» **INFORMATION SUPPLIED**:
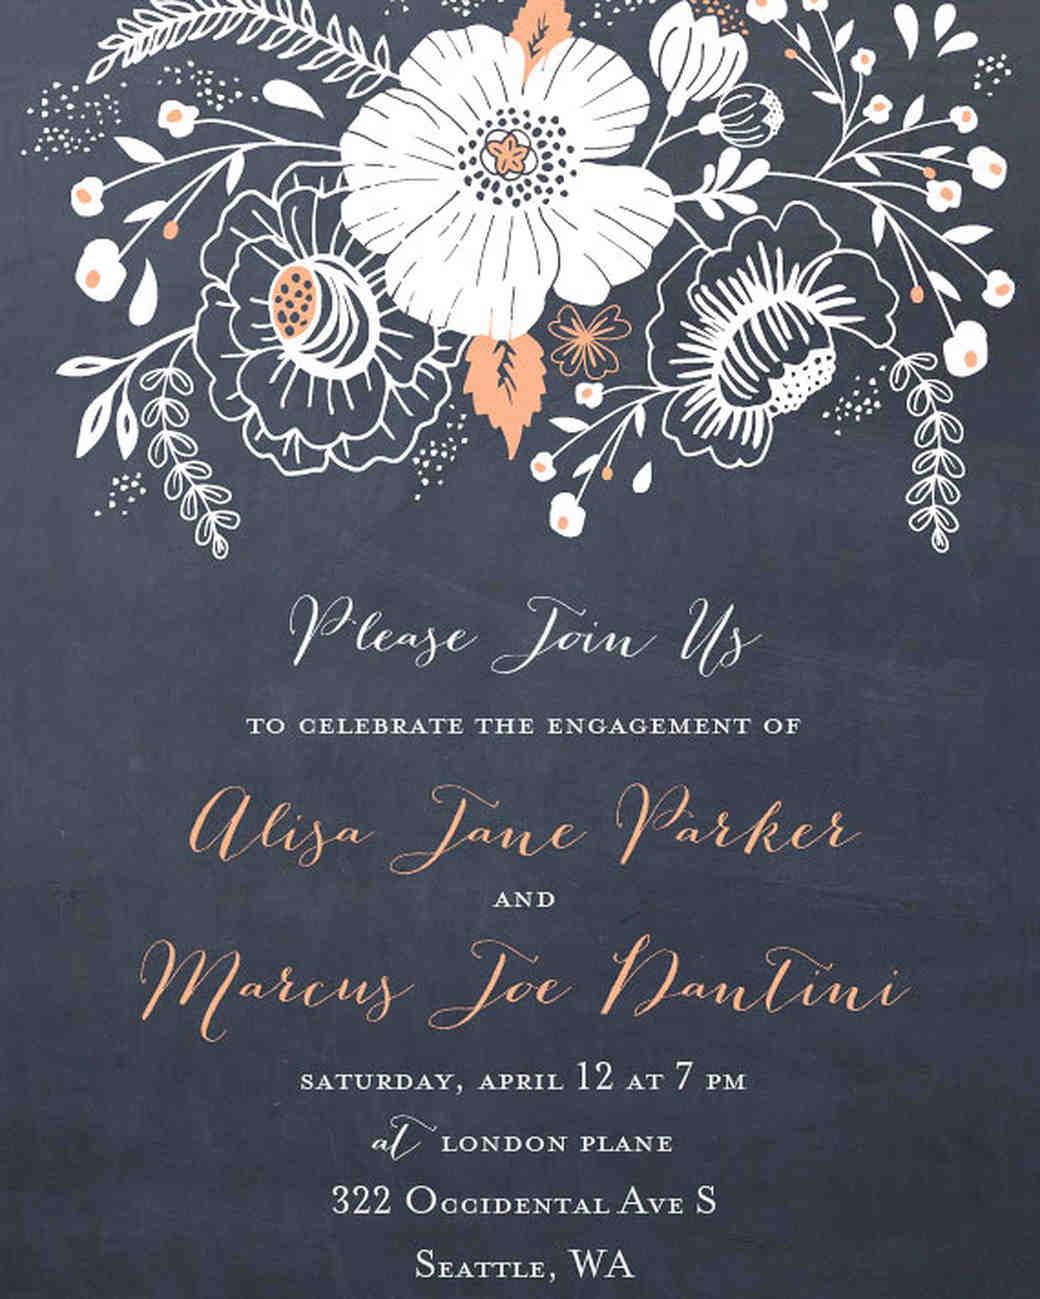 paperless-engagement-party-invitations-greenvelope-hanging-gardens-0416.jpg
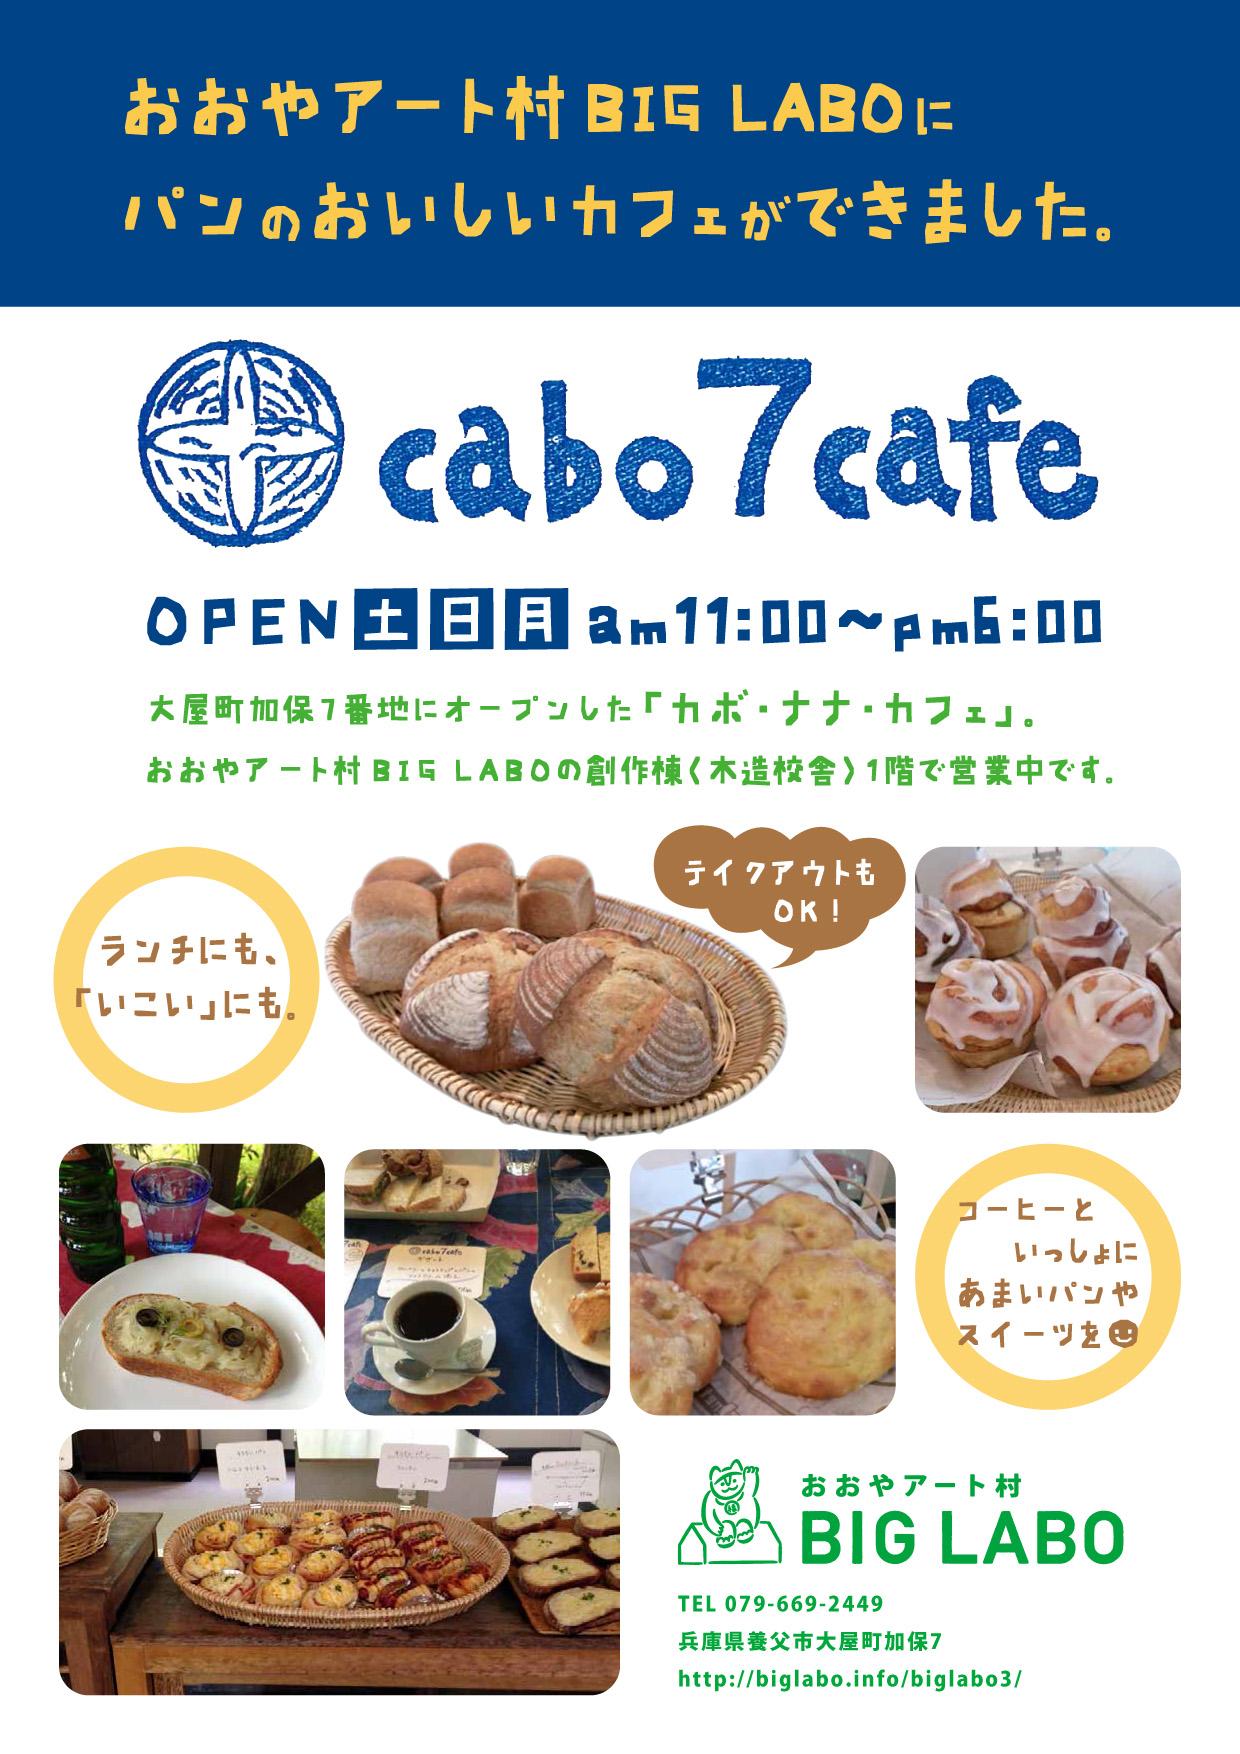 cabo7cafe 営業時間 am11:30-pm4:30です。
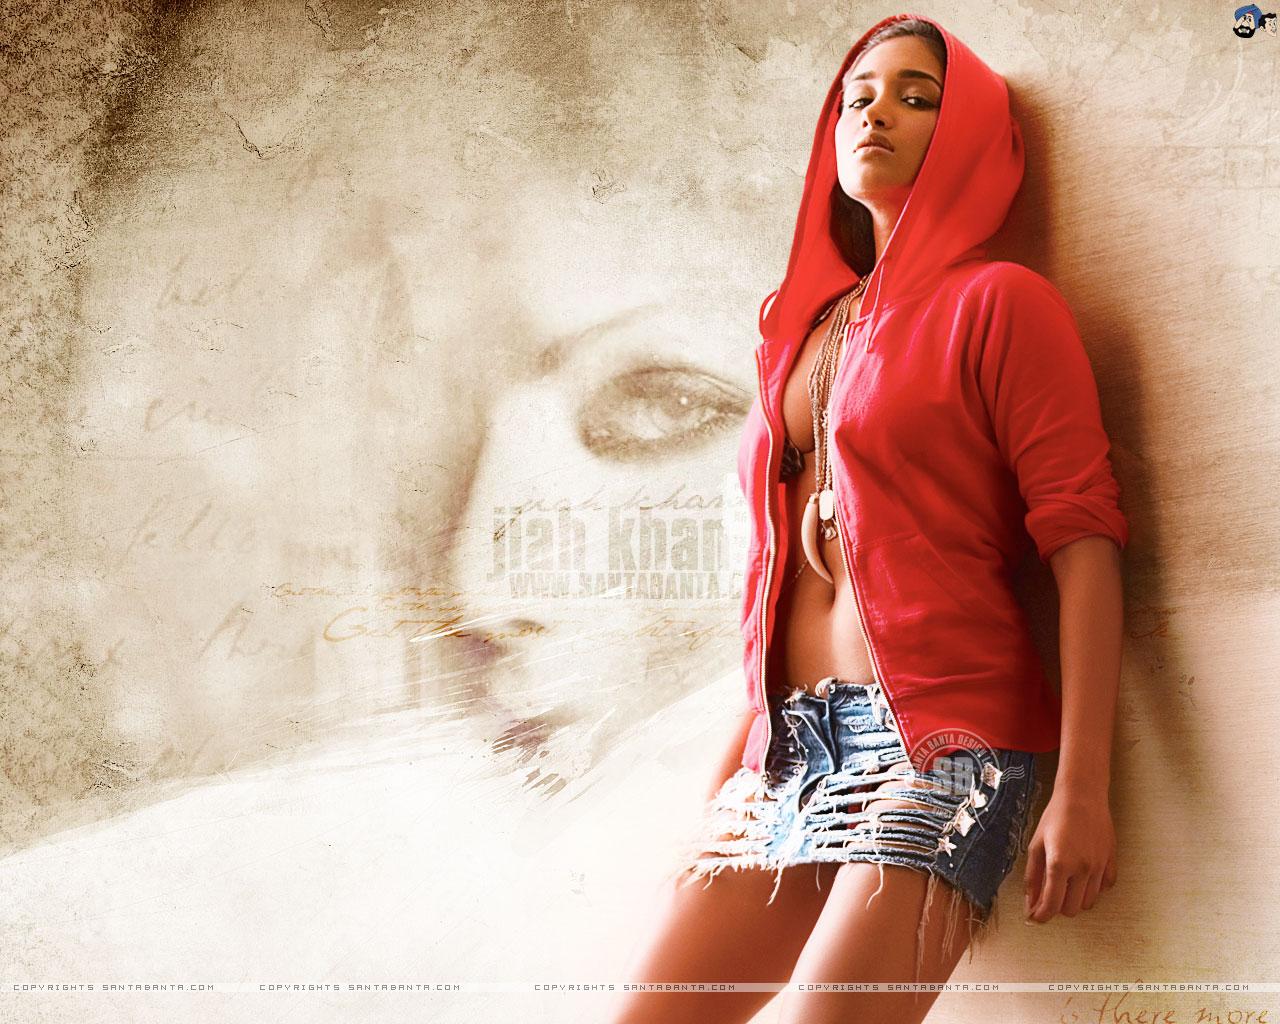 http://2.bp.blogspot.com/-MfUFJtV_TS8/TgdbgOySB8I/AAAAAAAAA28/FGpkK4u5VRY/s1600/Jia+Khan+Hot+Wallpapers2.jpg

» **WORK TO BE COMPLETED**: Please give all of the data again, exact and free of pictures.

» **OUTPUT OF THE TASK**:
 paperless-engagement-party-invitations-greenvelope-hanging-gardens-0416.jpg
 cabo7cafe 営業時間 am11:30-pm4:30です。
 http://2.bp.blogspot.com/-MfUFJtV_TS8/TgdbgOySB8I/AAAAAAAAA28/FGpkK4u5VRY/s1600/Jia+Khan+Hot+Wallpapers2.jpg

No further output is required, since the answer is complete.